My Ideal Self

I listened to Gala Darling’s Australian events recently, and she spoke some immortal words: What would your ideal self do in this situation? Now go do it. How delicious! This simple piece of advice sent chills down my spine.

This really got me thinking about all the times I act in a way that is contradictory to what I want in the long run. All the browsing I’ve done online, all the time I’ve convinced myself that I have writer’s block when, really, I know that I’m just insecure about making myself visible to others.

So I got to know my ideal self a little bit. Naturally, self knows herself and where she wants to go. She also knows what’s best for her, especially if others contradict her. She is not a people-pleaser, but she is generous and generally delightful.

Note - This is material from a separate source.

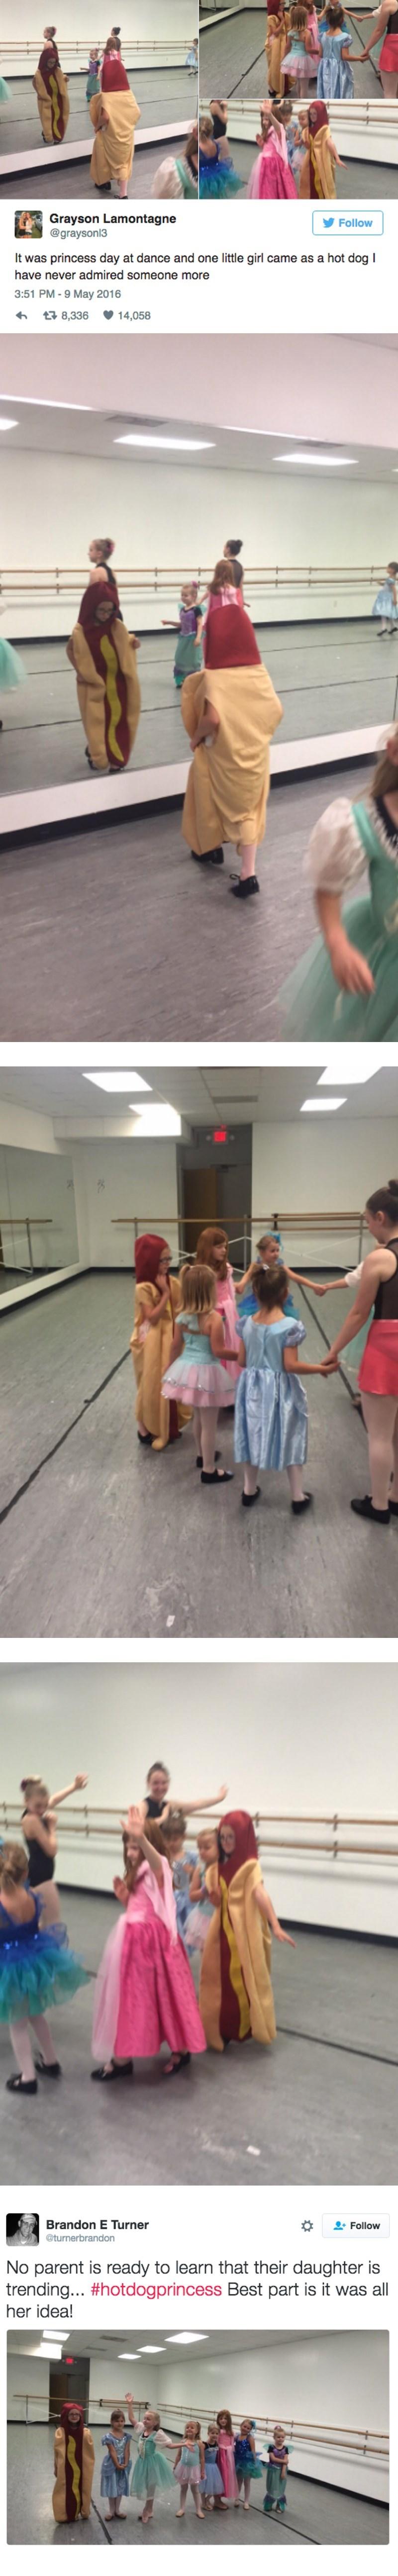 princess,hot dog,twitter,parenting,dance

Thus far, I’ve been asking myself this question for fairly mundane things, such as how I spend my downtime and the way I act in social situations. My ideal self has proved to be more motivated than I am, as well as less anxious. She also makes a great smoothie.

The ideal self is not to be confused with the fantasy self. The fantasy self is often impractical, greedy and willing to do all the things – particularly the things that your ideal self knows are ridiculous or even harmful. This construction usually leaves us feeling burnt out, committed to things we don’t like and, in my case, broke. My fantasy self has the wardrobe of a socialite and loads of quirky vintage furniture that no one ever uses.

In minimising the amount of stuff I have, I know that I will be escorting my fantasy self (lovingly) out the door, along with all her baggage. Perhaps she’ll take up residence in some Parisian garret, hosting parties for artist friends and enjoying those heels she can’t walk in. This is to make way for my ideal self, who would rather like a larger space to do yoga and hates being confronted with clothes she doesn’t wear.

My ideal self is also a woman of independent means. I’m rather looking forward to her telling me how to accomplish that for her.